### Data
----
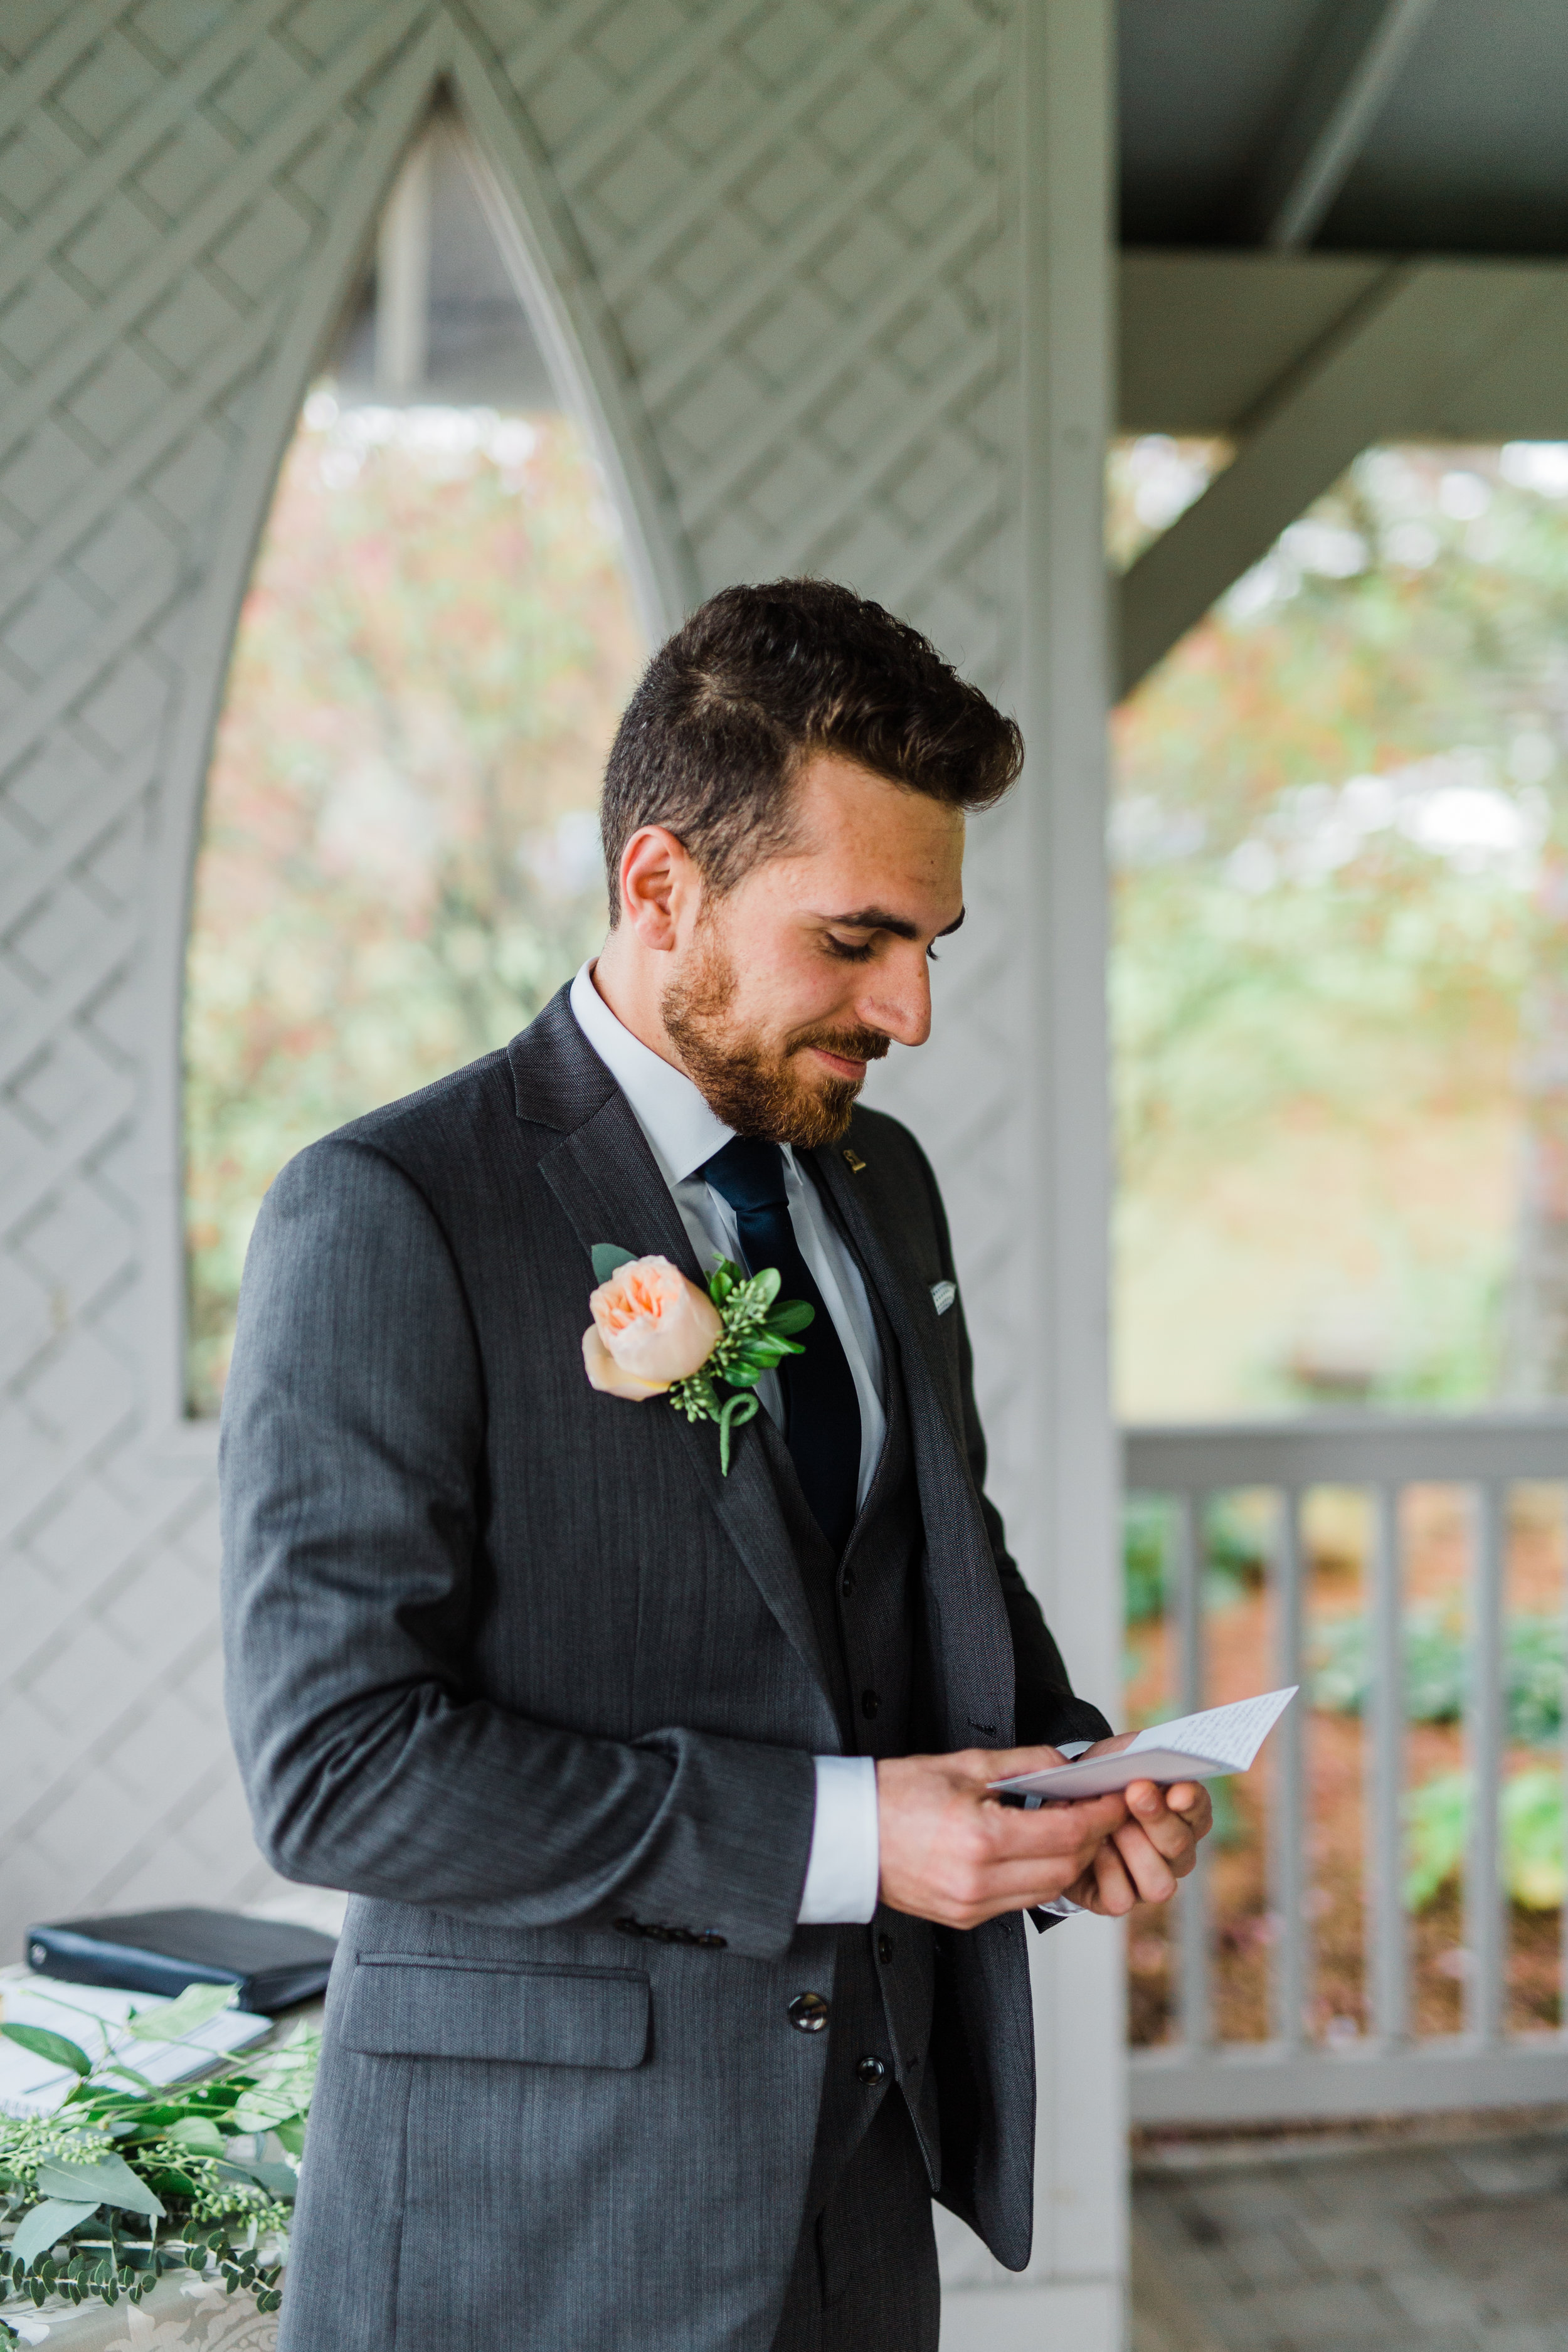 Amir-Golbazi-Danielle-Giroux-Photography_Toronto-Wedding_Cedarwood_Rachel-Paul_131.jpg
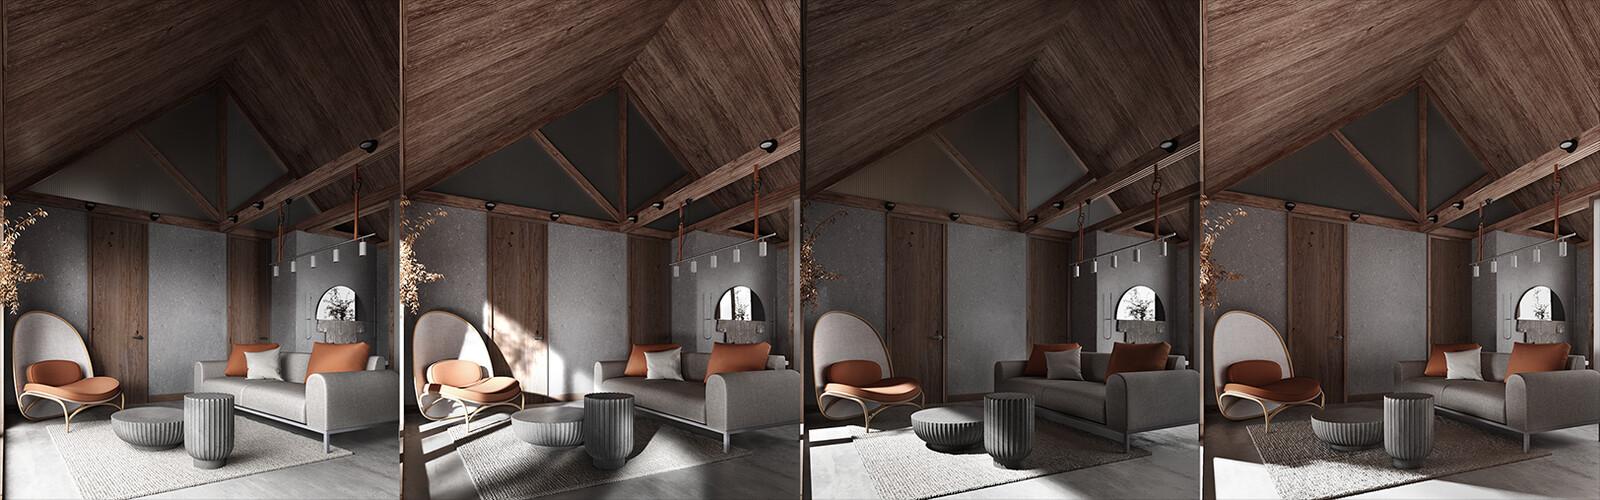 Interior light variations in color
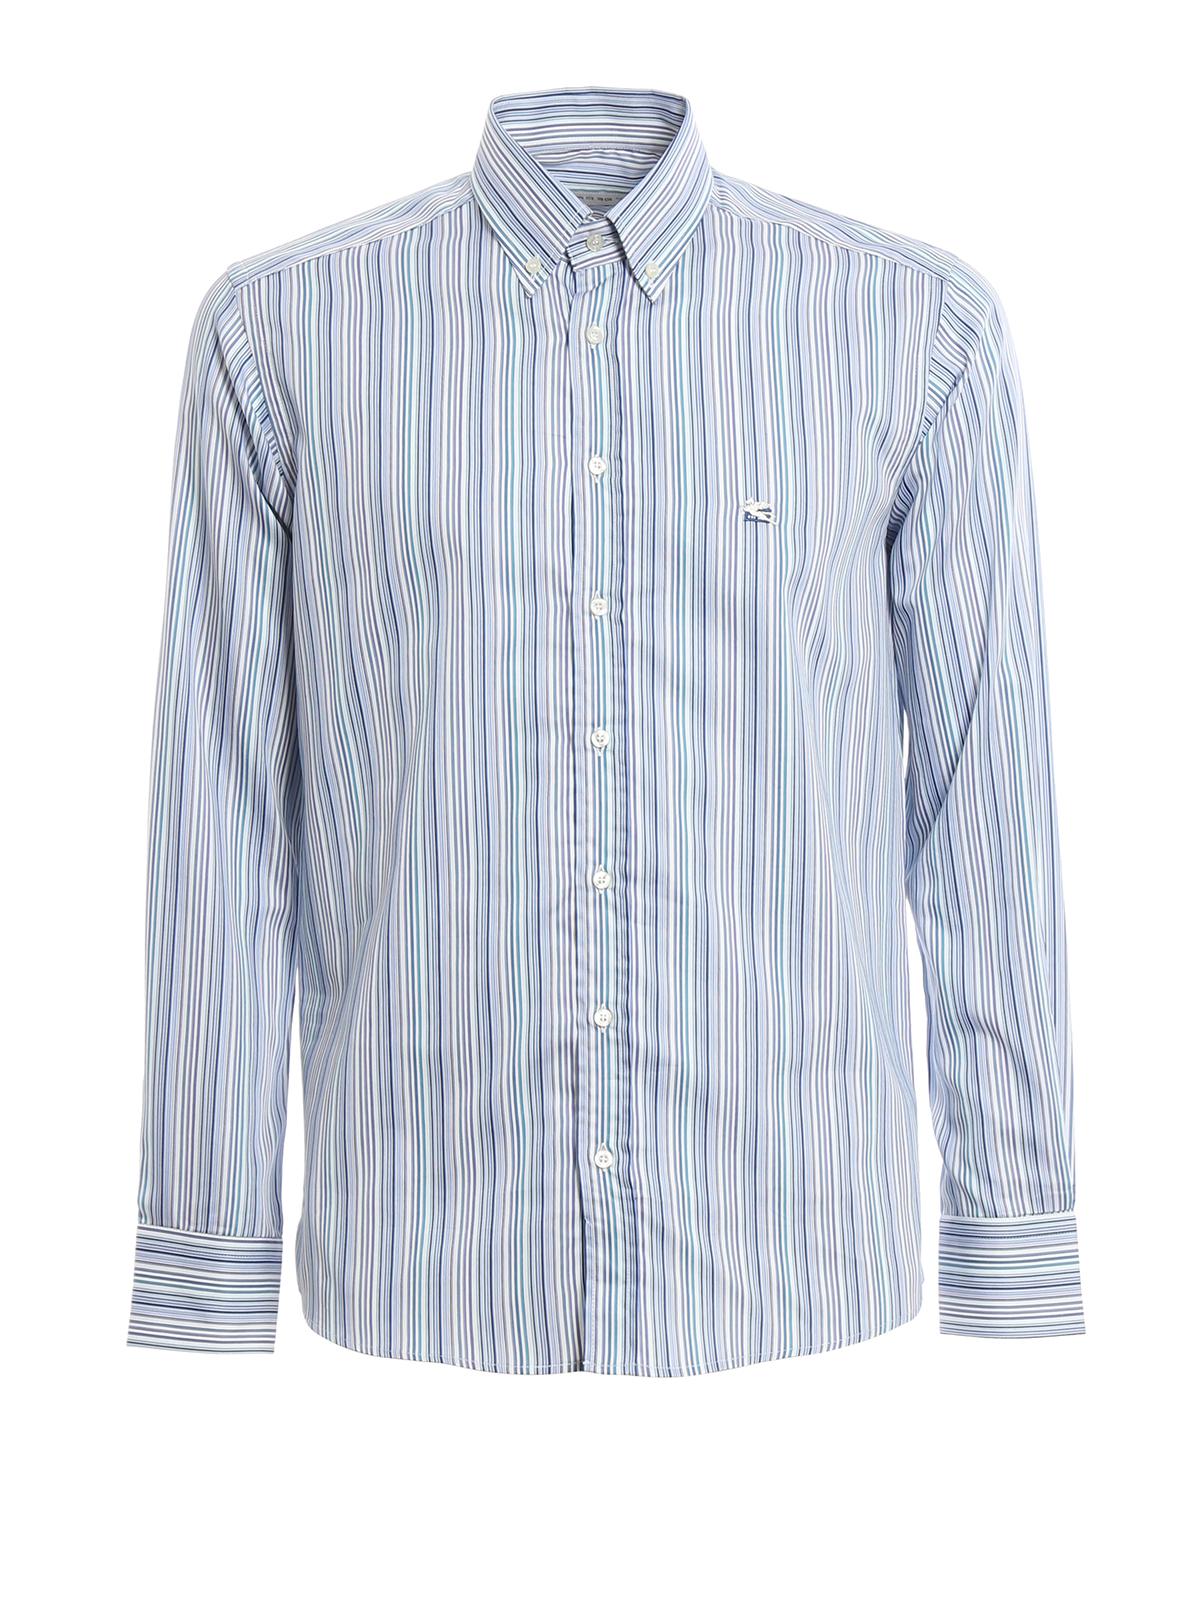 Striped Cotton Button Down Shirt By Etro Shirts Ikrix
----
### Problem statement
Every line above gets copied exactly; none of the pictures do.

### Finished task
 Amir-Golbazi-Danielle-Giroux-Photography_Toronto-Wedding_Cedarwood_Rachel-Paul_131.jpg
 Interior light variations in color
 Striped Cotton Button Down Shirt By Etro Shirts Ikrix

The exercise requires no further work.